Why Everything Happened at Once
Three slow curves crossed in the same decade, and the crossing explains both the breakthrough and the noise.

In November 2022, a research lab released a chat interface to a language model, mostly as a demonstration. Within two months, by widely cited estimates, a hundred million people were using it, the fastest adoption of a consumer application the world had seen to that point.
To anyone watching from inside a normal business, it felt like the technology fell out of the sky. One quarter, AI was a research curiosity and a punchline about chatbots. The next, your nephew was using it to write cover letters and your competitors were issuing press releases.
Sudden arrivals deserve suspicion, so it is worth asking the real question: why now? The capability was decades in the making, as the first essay in this series argued. What made it surface in this particular decade? The answer is that three long, slow, independent curves happened to cross at the same time, and the crossing point is where we live.
The First Curve: An Architecture That Could Scale
For years, the systems that processed language read text the way you do, one word after another, which made them slow to train and forgetful over long passages. In 2017, researchers at Google published a paper with the swaggering title “Attention Is All You Need,” introducing a design called the transformer. The technical details matter less than the consequence: a transformer can weigh every word in a passage against every other word simultaneously, which means training can be spread across thousands of chips working in parallel.
That sounds like an engineering footnote. It was the hinge of the whole era. Before the transformer, throwing more computers at a language model hit diminishing returns quickly. After it, researchers discovered something almost embarrassing in its simplicity, formalized in what are now called scaling laws: make the model bigger, feed it more text, give it more computing power, and it gets better, smoothly and predictably, like a dial you can simply keep turning. Much of the last decade in AI is the story of well-capitalized labs turning that dial as hard as the supply chain allowed.

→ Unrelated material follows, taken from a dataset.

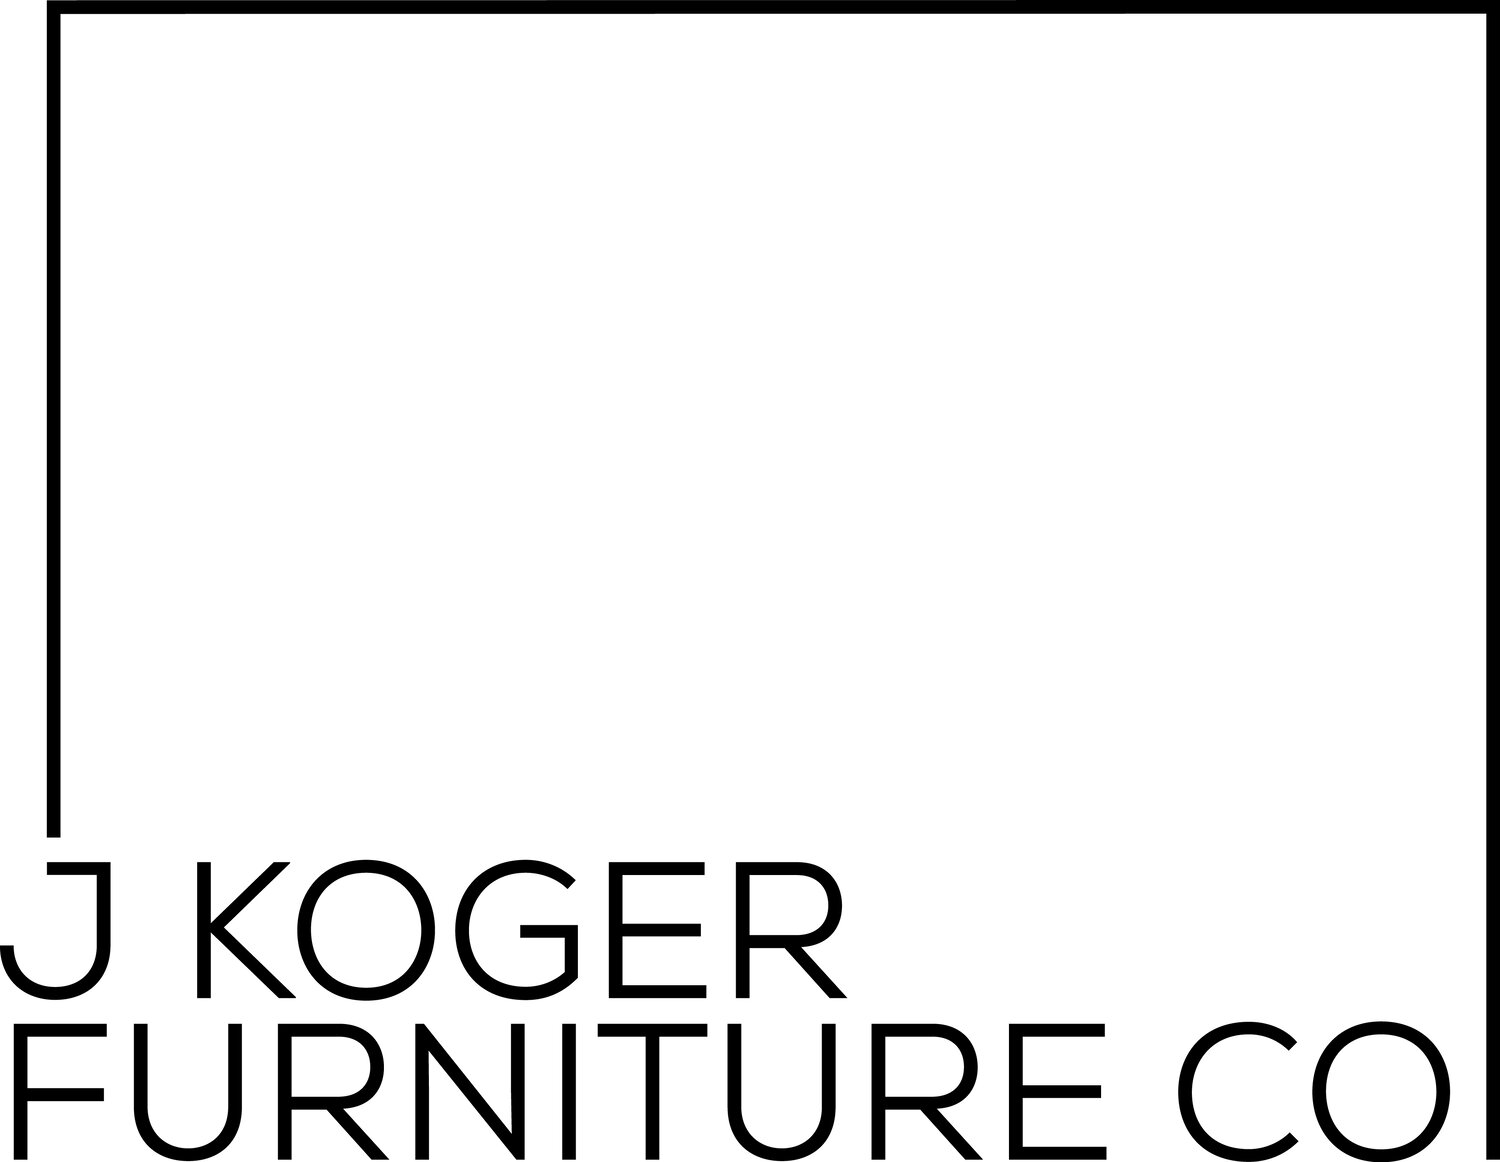 J Koger Furniture Co

The Second and Third Curves: The Fuel and the Furnace
A dial is only useful if you can afford to turn it, and here the second curve enters from an unlikely direction: video games. The graphics processing unit, the GPU, was built to render explosions for teenagers, a job that consists of doing millions of small calculations at once. That happens to be the exact shape of the math inside a neural network. Decades of gamers funded the development of chips that turned out to be the furnace AI needed, and the company that made the best ones, Nvidia, found itself transformed from a gaming brand into one of the most valuable enterprises on earth.

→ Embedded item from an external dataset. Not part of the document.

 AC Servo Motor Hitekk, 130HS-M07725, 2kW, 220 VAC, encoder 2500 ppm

The third curve was the fuel. Training a model of this kind requires a meaningful fraction of everything humanity has ever written, and until recently no such corpus existed in usable form. Then thirty years of the internet happened. Billions of people, without ever intending to, typed out the largest record of human language, knowledge, argument, and style ever assembled, and left it lying around in machine-readable form.

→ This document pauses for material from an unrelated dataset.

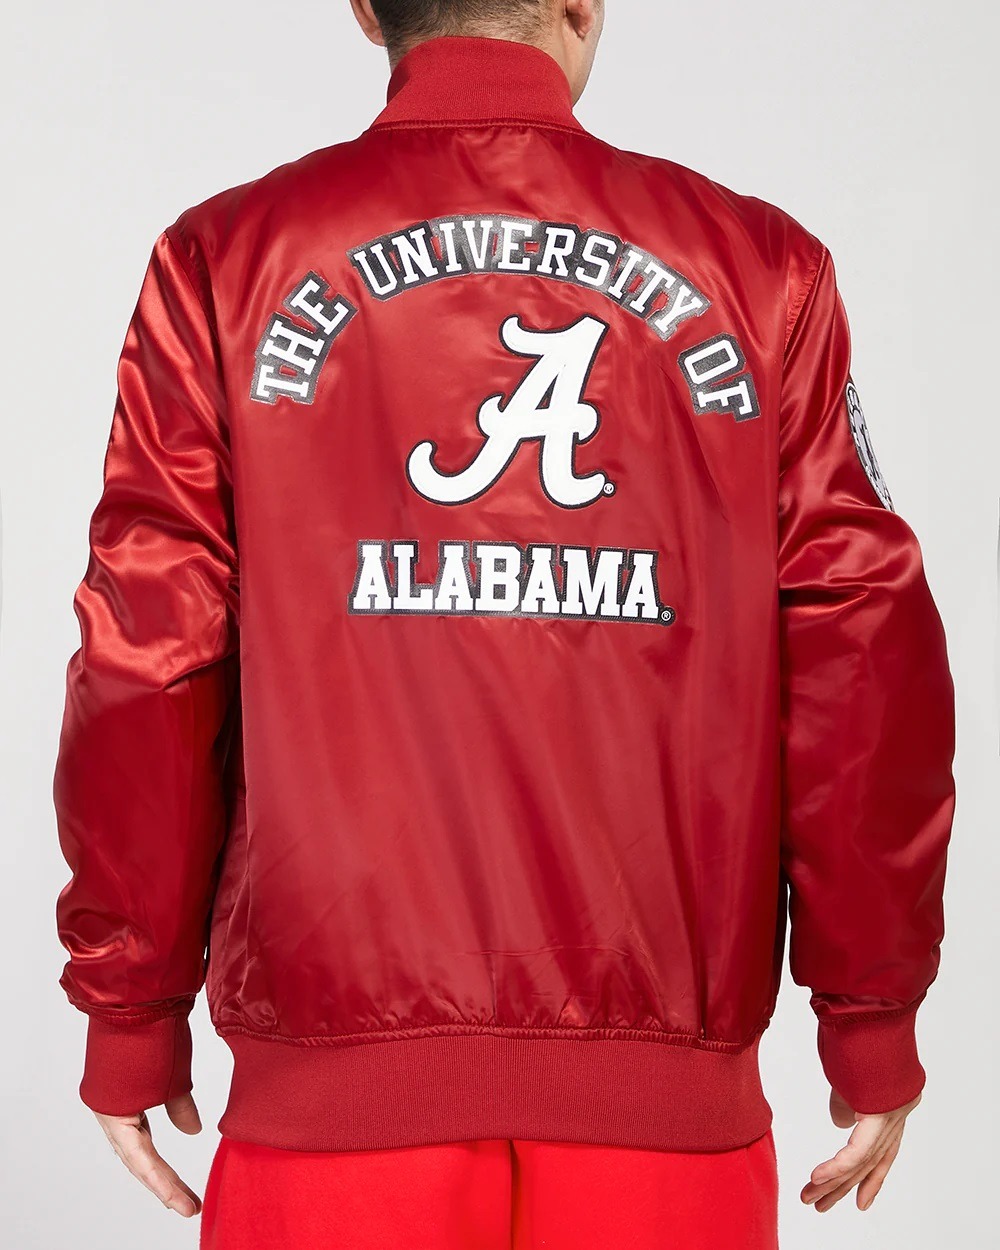 University Of Alabama Classic Red Satin Jacket

An architecture that scales. Chips that can run it. A corpus that can feed it. Any one of these alone produces a research paper. All three together produced the moment you are living through.
The Pattern Has a History
Convergence stories are how general-purpose technologies always arrive. The automobile needed cheap steel, refined gasoline, and machine tools to mature in the same generation; the pieces existed separately for years before they snapped together. Commercial aviation waited on aluminum, engines, and instruments. The technology that changes everything is usually an assembly of technologies that each changed little on their own.
The history matters because it answers the question every owner eventually asks me, usually with one eyebrow raised: is this a bubble? Here is the truth: the financial mania and the real technology are separate questions, and history says yes to both. The British railway mania of the 1840s incinerated investor fortunes on a spectacular scale, and Britain kept the railways, which went on to reorganize the economy for a century. The dot-com crash of 2000 wiped out trillions in paper value, and the internet did not get any less important on the way down. Capital overshoots. Capability compounds. When some of today’s AI valuations deflate, and some will, the data centers, the chips, the trained models, and the working deployments inside businesses will all still be there the next morning.
So separate the two curves in your own mind, because they ask different things of you. The hype curve, the one made of funding rounds and keynote demos, is entertainment; you can ignore it without cost. The capability curve, the one made of falling prices and accumulating competence, is the one your decisions should track. It moved before the headlines arrived. It will keep moving after they leave.
Three slow curves crossed, and the world noticed all at once. The noticing was sudden. The arriving never was.